• **Exercise data**:
☆ ☆ ☆

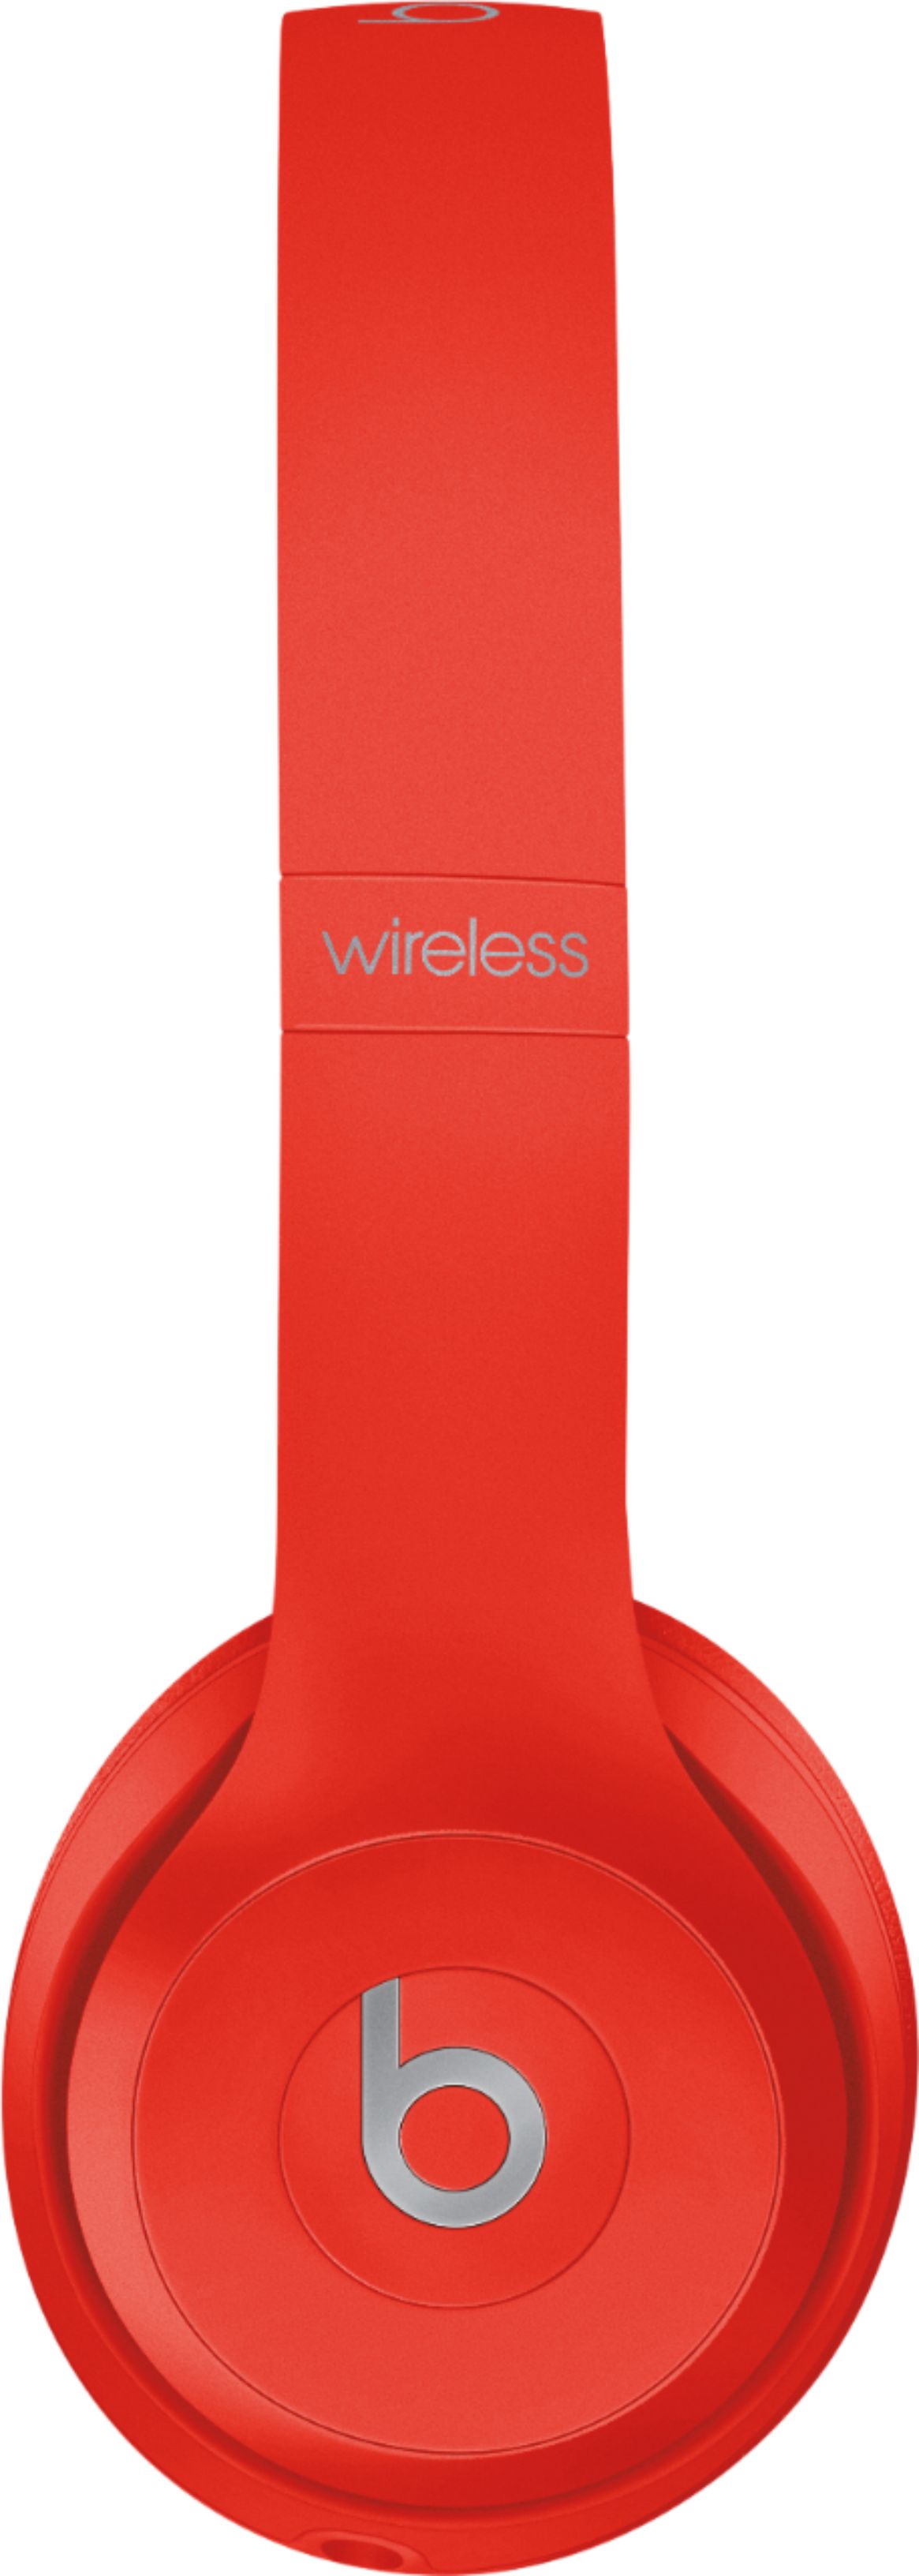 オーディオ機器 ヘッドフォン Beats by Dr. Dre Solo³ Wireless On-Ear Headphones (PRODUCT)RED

☆ ☆ ☆

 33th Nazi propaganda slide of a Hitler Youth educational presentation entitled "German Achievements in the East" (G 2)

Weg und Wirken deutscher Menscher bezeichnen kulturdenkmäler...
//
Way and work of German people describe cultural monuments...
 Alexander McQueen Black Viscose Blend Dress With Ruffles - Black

☆ ☆ ☆

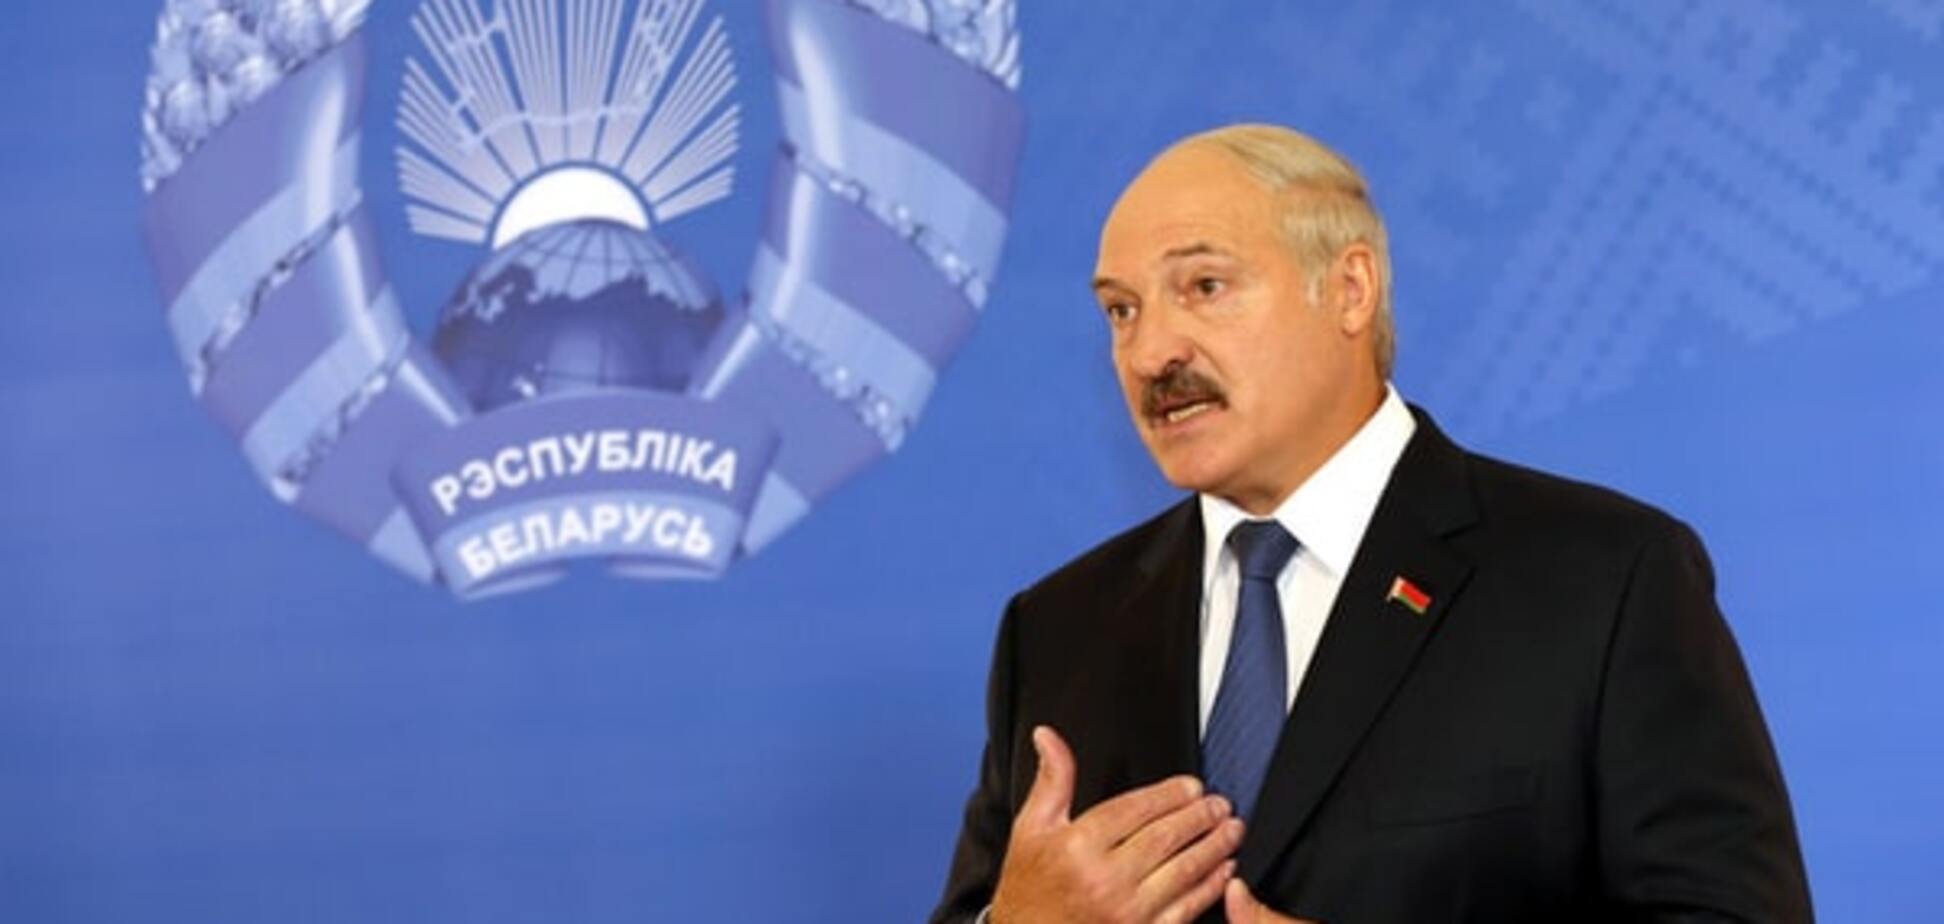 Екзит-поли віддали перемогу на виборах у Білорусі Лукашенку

☆ ☆ ☆

• **Directions for this task**:
Copy each line in the data that holds the word "German".

• **Task response**:
 33th Nazi propaganda slide of a Hitler Youth educational presentation entitled "German Achievements in the East" (G 2)
Way and work of German people describe cultural monuments...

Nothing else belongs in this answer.